What is required - Copy out each line of the material below that holds the string "This".

Data -
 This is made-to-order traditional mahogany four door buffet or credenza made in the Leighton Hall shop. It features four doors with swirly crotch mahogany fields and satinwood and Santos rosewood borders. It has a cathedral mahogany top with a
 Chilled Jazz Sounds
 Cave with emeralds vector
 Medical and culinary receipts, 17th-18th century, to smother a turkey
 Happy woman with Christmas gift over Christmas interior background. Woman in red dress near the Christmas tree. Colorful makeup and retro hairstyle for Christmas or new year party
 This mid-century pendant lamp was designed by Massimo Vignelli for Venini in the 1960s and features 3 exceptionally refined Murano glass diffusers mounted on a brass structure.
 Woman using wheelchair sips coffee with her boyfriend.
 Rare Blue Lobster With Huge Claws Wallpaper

Reply to the exercise -
 This is made-to-order traditional mahogany four door buffet or credenza made in the Leighton Hall shop. It features four doors with swirly crotch mahogany fields and satinwood and Santos rosewood borders. It has a cathedral mahogany top with a
 This mid-century pendant lamp was designed by Massimo Vignelli for Venini in the 1960s and features 3 exceptionally refined Murano glass diffusers mounted on a brass structure.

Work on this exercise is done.